Mass production in the general robotics field may trigger increased demand for laser radar.

(1) Robotaxi: Resonance between China and the U.S. industry. Policies like the U.S. SELF-DRIVE Act promote the mass production of Tesla Cybercabs. Leading Chinese companies like Xiaoma Zhixing and Didi have significantly reduced the cost of pre-installed vehicles, expanding fleet sizes toward thousands or even tens of thousands.

(2) Unmanned logistics: Companies like New Stone Age and Jiushi Intelligent have fleet sizes exceeding ten thousand units, with related policies gradually advancing.

(3) Garden robots: Laser radar solutions address pain points of traditional RTK and visual solutions in complex gardens. Leading laser radar companies have signed annual orders of tens of thousands of units.

(4) Humanoid robots: Yushu Technology showcased the G1 and H2 robots equipped with Hesai Technology’s T-series laser radar at the Spring Festival Gala. Top laser radar companies have already established cooperation with leading robot companies like Yushu Technology, Galaxy General, and Zhiyuan.

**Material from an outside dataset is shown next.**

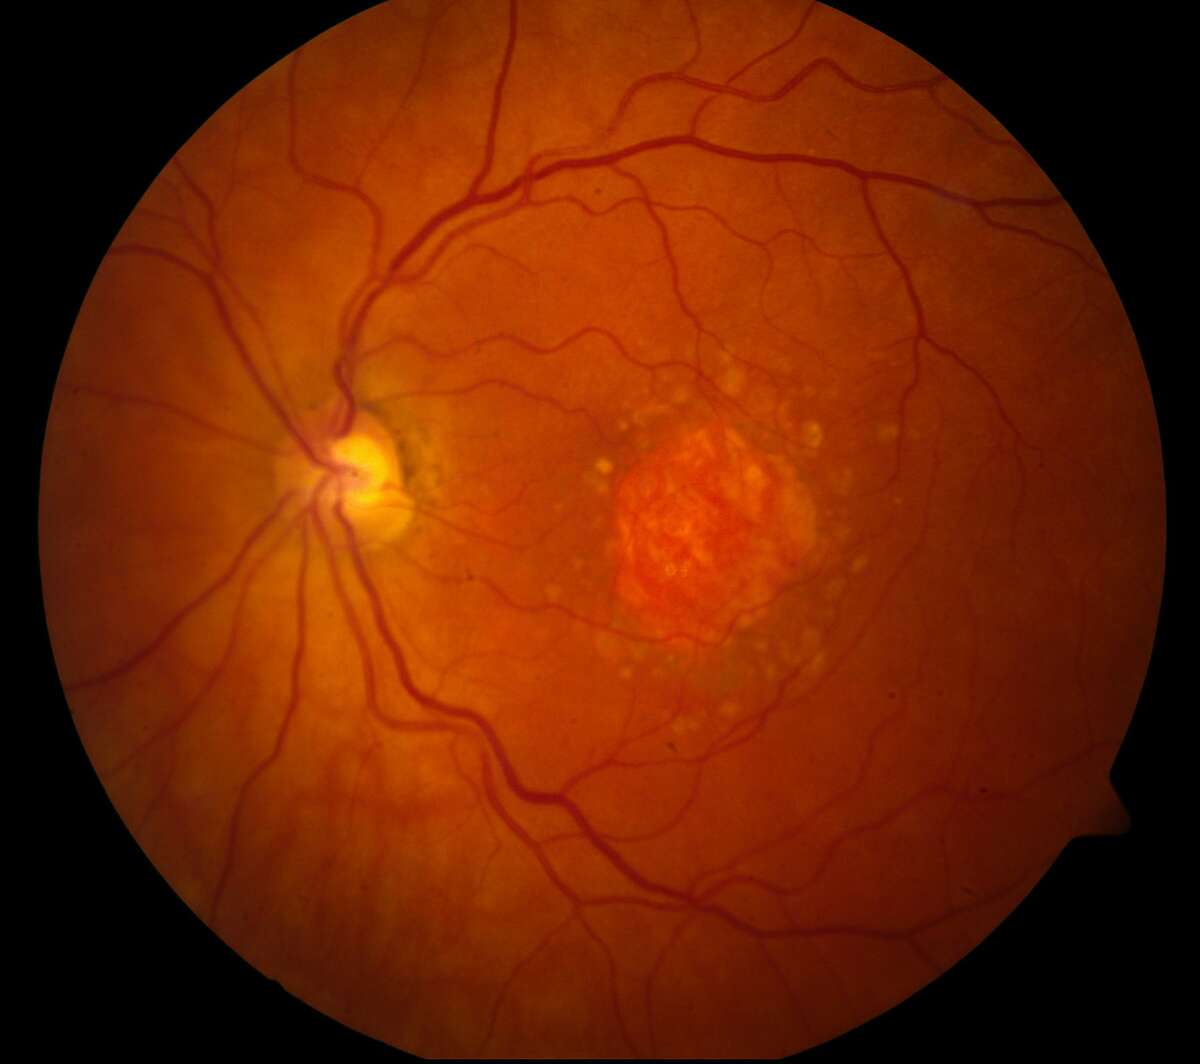 This image provided by the National Eye Institute shows a microscopic image of a retina being damaged by the so-called �dry� form of age-related macular degeneration. An experimental drug is showing promise against an eye disease that blinds older adults. Age-related macular degeneration gradually erodes seniors� central vision, making it difficult to read or see faces. (National Eye Institute via AP)

The era of thousand-yuan machines begins, with L3 gradually being implemented. As the industry chain matures and prices rapidly decline, by 2025, the industry will have entered the “thousand-yuan machine” era, with configurations penetrating from high-end to mid- and low-end markets. The subsequent deployment of L3 is expected to further increase the value per vehicle of laser radar. Guolian Securities estimates that, under optimistic scenarios, China’s ADAS laser radar market could reach 36 billion yuan by 2028. The industry exhibits a significant Matthew effect, with Hesai Technology, Suteng Juchuang, and Huawei dominating the market. It is recommended to focus on leading companies with mass production and delivery barriers, strong cost control, and early profitability turning points, such as Hesai Technology (02525) and Suteng Juchuang (02498).

【Data Market Watch】

HKEX data shows that the Hang Seng Futures (February) open interest is 116,021 contracts, with a net open interest of 46,600 contracts. The settlement date for Hang Seng Futures is February 26, 2026. The futures will settle this cycle.

The Hang Seng Index is at 26,413 points, with a dense area of bearish warrants below, gradually approaching the midline, indicating a downward tendency. As annual reports are gradually released and U.S. tariff policies remain unstable, the Hang Seng Index is expected to be bearish this week.

【Chief Editor’s Remarks】

The first trading day of the Year of the Horse did not follow the usual long holiday rally pattern, with the Hang Seng Tech Index dropping nearly 3%, giving the market a cold shower. This decline is not accidental, involving both long-term logical restructuring—platform economy profit boundaries being reshaped, Hang Seng Tech constituent stocks mainly on the application side with persistent shortcomings in core underlying technology—and short-term external shocks, such as fluctuating U.S. tariff policies, escalating geopolitical conflicts, and divergence in U.S. AI stocks. Currently, Hong Kong stocks show a dichotomy: traditional internet giants remain under pressure, while pure AI new stocks are showing independent trends. In the short term, market sentiment still faces pressure, but long-term opportunities will ultimately depend on technological breakthroughs and alignment with the era’s trends.